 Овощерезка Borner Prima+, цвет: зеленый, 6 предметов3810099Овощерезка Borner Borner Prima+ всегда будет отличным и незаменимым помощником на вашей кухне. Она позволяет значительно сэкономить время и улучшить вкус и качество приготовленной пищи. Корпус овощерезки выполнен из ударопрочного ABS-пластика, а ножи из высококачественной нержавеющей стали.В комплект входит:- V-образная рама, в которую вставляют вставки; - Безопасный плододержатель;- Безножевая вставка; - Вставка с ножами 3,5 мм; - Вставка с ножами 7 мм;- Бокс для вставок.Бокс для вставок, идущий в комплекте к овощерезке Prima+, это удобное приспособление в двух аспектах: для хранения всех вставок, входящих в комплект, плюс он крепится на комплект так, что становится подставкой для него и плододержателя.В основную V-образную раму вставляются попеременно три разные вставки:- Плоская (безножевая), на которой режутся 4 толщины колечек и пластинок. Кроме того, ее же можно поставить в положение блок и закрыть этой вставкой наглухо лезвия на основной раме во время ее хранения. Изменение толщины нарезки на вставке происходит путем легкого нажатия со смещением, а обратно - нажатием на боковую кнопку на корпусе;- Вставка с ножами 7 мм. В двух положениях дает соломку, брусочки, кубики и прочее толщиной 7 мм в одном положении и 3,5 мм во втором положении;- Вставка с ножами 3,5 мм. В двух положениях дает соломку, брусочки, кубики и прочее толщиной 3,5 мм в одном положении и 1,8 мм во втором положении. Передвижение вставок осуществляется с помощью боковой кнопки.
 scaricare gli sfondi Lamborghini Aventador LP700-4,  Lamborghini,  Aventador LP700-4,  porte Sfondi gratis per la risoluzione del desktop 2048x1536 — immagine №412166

+--

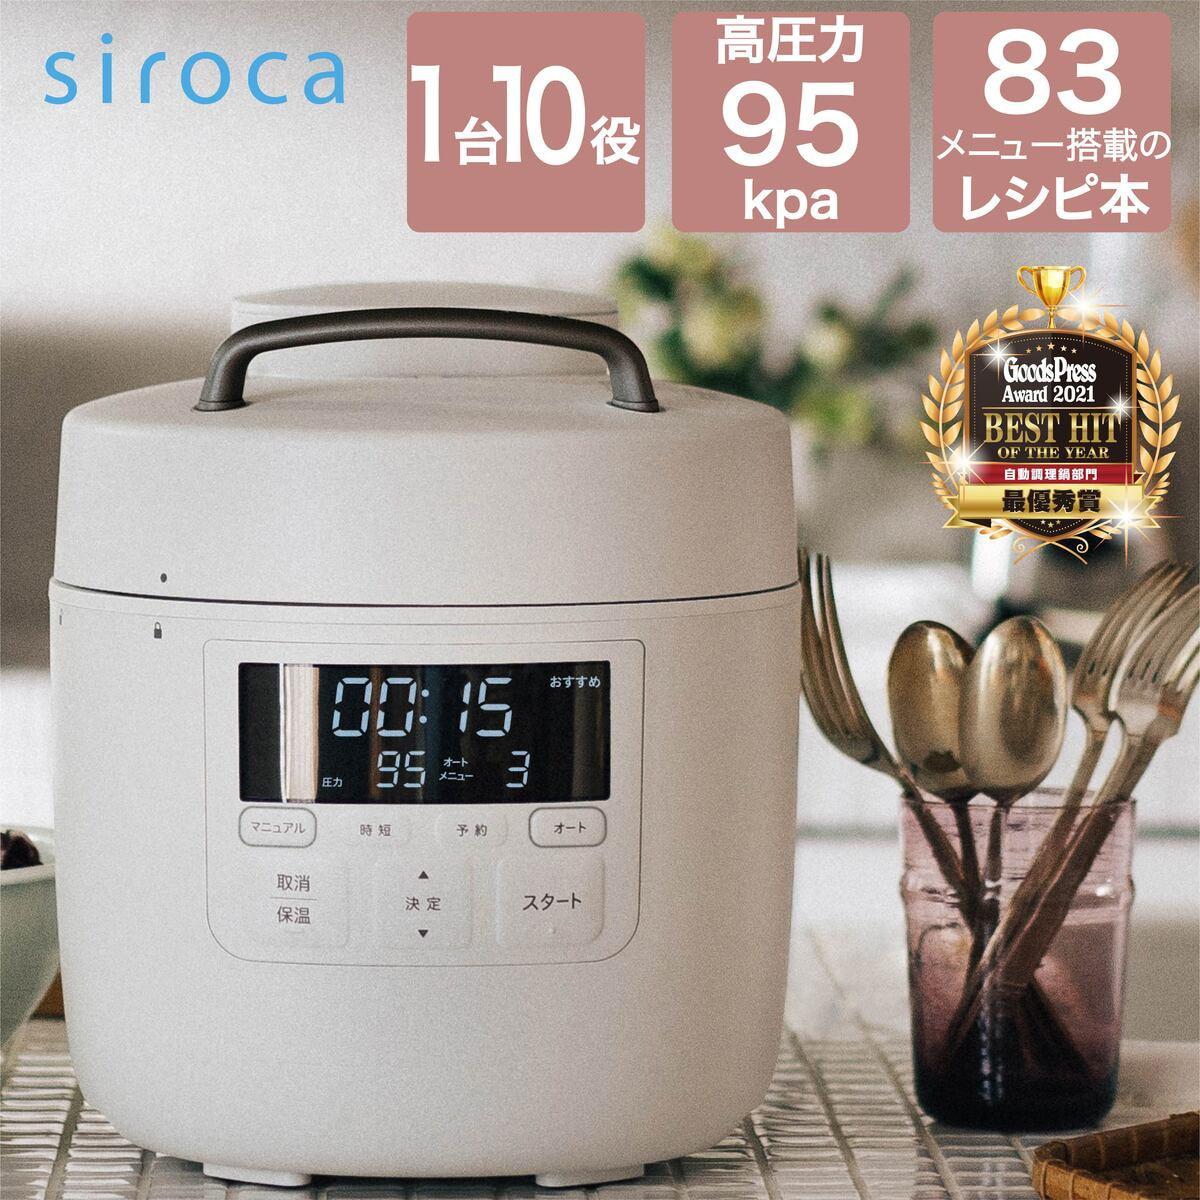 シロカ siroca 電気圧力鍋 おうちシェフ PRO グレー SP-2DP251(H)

+--

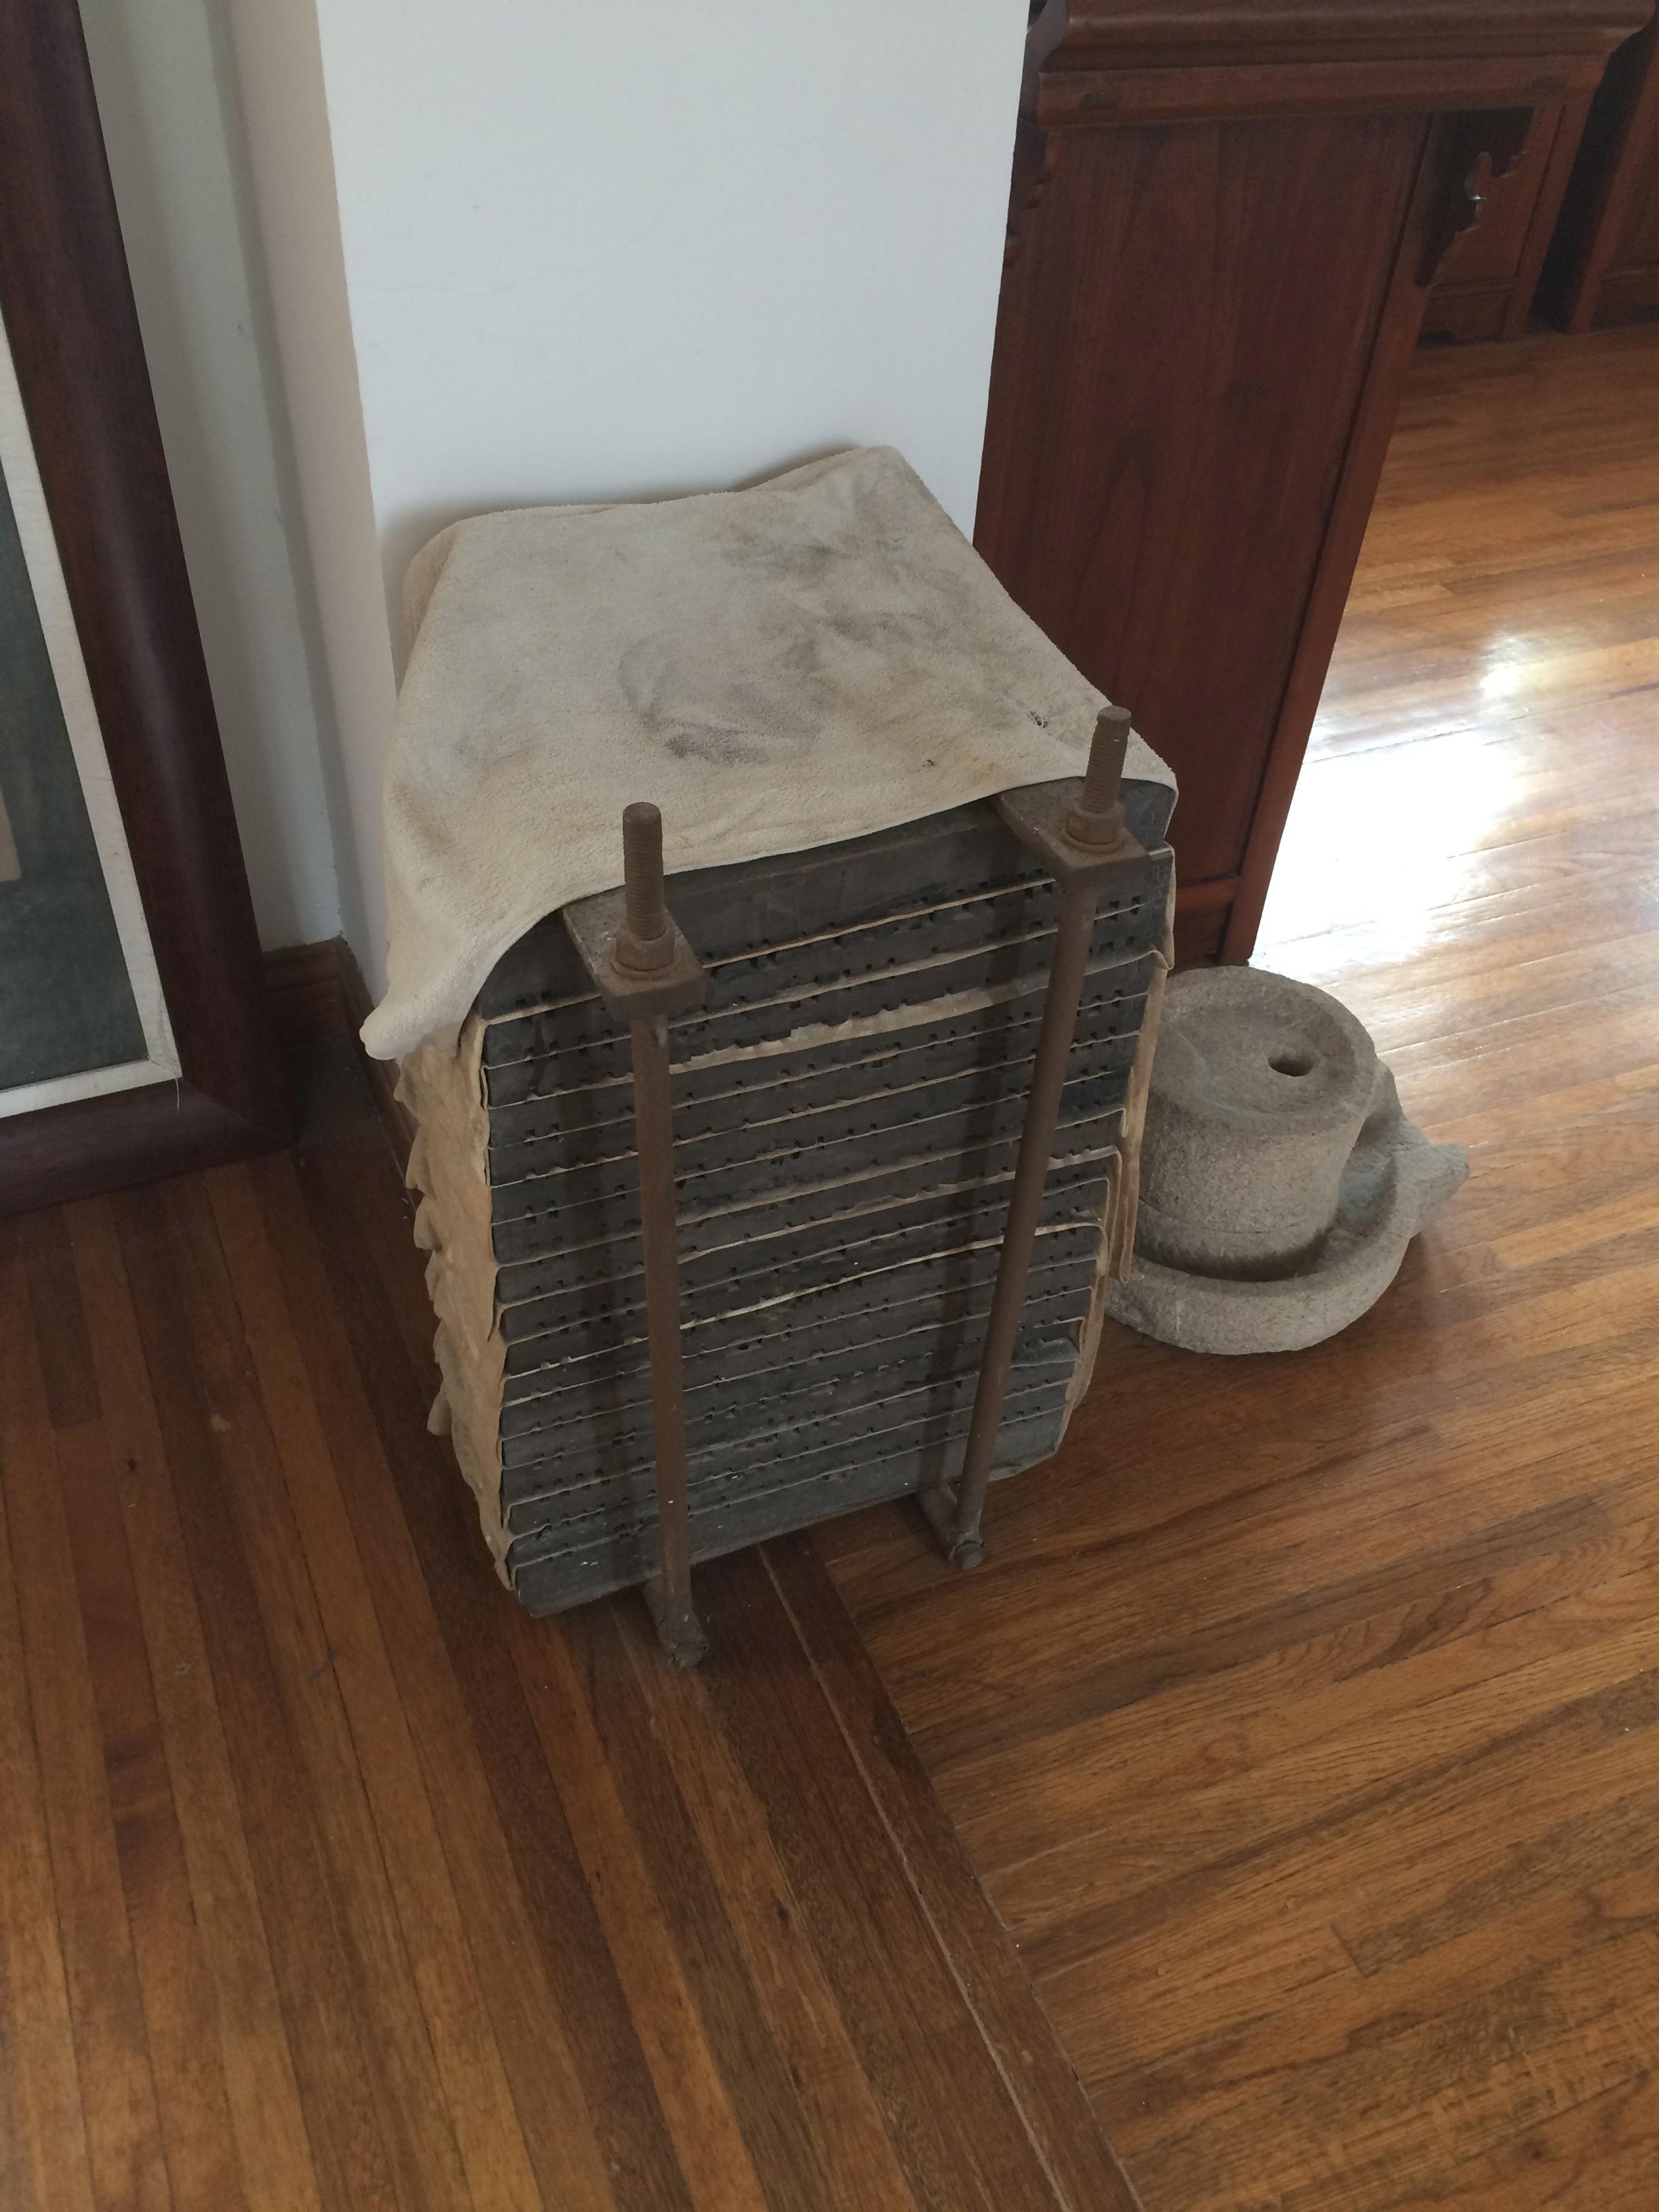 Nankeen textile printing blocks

+--

**Work item:** Your task is to transcribe, with no changes, only the lines of the listing above that lie between the line holding "Овощерезка Borner Prima+, цвет: зеленый, 6" and the line holding "scaricare gli sfondi", inclusive.

**Written answer:**
 Овощерезка Borner Prima+, цвет: зеленый, 6 предметов3810099Овощерезка Borner Borner Prima+ всегда будет отличным и незаменимым помощником на вашей кухне. Она позволяет значительно сэкономить время и улучшить вкус и качество приготовленной пищи. Корпус овощерезки выполнен из ударопрочного ABS-пластика, а ножи из высококачественной нержавеющей стали.В комплект входит:- V-образная рама, в которую вставляют вставки; - Безопасный плододержатель;- Безножевая вставка; - Вставка с ножами 3,5 мм; - Вставка с ножами 7 мм;- Бокс для вставок.Бокс для вставок, идущий в комплекте к овощерезке Prima+, это удобное приспособление в двух аспектах: для хранения всех вставок, входящих в комплект, плюс он крепится на комплект так, что становится подставкой для него и плододержателя.В основную V-образную раму вставляются попеременно три разные вставки:- Плоская (безножевая), на которой режутся 4 толщины колечек и пластинок. Кроме того, ее же можно поставить в положение блок и закрыть этой вставкой наглухо лезвия на основной раме во время ее хранения. Изменение толщины нарезки на вставке происходит путем легкого нажатия со смещением, а обратно - нажатием на боковую кнопку на корпусе;- Вставка с ножами 7 мм. В двух положениях дает соломку, брусочки, кубики и прочее толщиной 7 мм в одном положении и 3,5 мм во втором положении;- Вставка с ножами 3,5 мм. В двух положениях дает соломку, брусочки, кубики и прочее толщиной 3,5 мм в одном положении и 1,8 мм во втором положении. Передвижение вставок осуществляется с помощью боковой кнопки.
 scaricare gli sfondi Lamborghini Aventador LP700-4,  Lamborghini,  Aventador LP700-4,  porte Sfondi gratis per la risoluzione del desktop 2048x1536 — immagine №412166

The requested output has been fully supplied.